I am trying to use the tensorflow LSTM model to make next word predictions.
As described in this related question (which has no accepted answer) the example contains
I am implementing seq2seq model too.
So lets me try to explain with my understanding:
The outputs of your LSTM model is a list (with length num_steps) of 2D tensor of size [batch_size, size].
The code line:
output = tf.reshape(tf.concat(1, outputs), [-1, size])
will produce a new output which is a 2D tensor of size [batch_size x num_steps, size].

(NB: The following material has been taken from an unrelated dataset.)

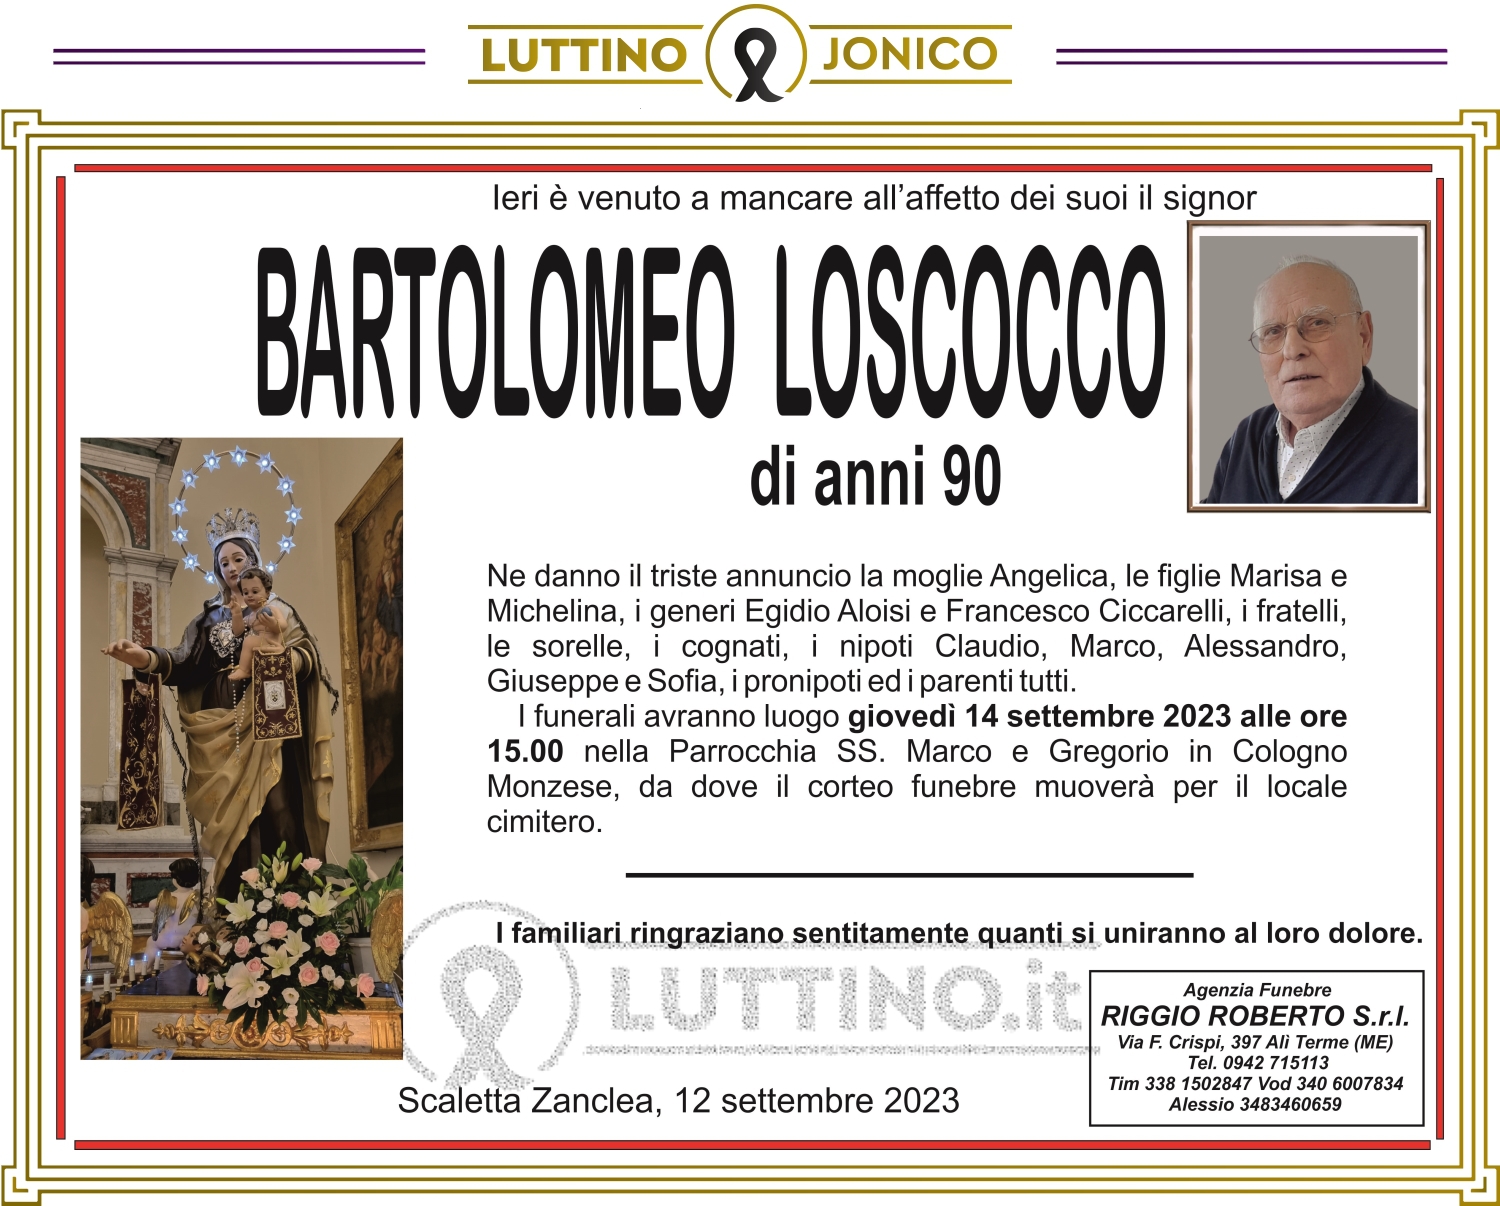 Bartolomeo Loscocco

For your case, batch_size = 1 and num_steps = 20 --> output shape is [20, size].
Code line:
logits = tf.nn.xw_plus_b(output, tf.get_variable("softmax_w", [size, vocab_size]), tf.get_variable("softmax_b", [vocab_size]))
<=> output[batch_size x num_steps, size] x softmax_w[size, vocab_size] will output logits of size [batch_size x num_steps, vocab_size].
For your case, logits of size [20, vocab_size]
--> probs tensor has same size as logits by [20, vocab_size].
Code line:
chosen_word = np.argmax(probs, 1)
will output chosen_word tensor of size [20, 1] with each value is the next prediction word index of current word.
Code line:
loss = seq2seq.sequence_loss_by_example([logits], [tf.reshape(self._targets, [-1])], [tf.ones([batch_size * num_steps])])
is to compute the softmax cross entropy loss for batch_size of sequences.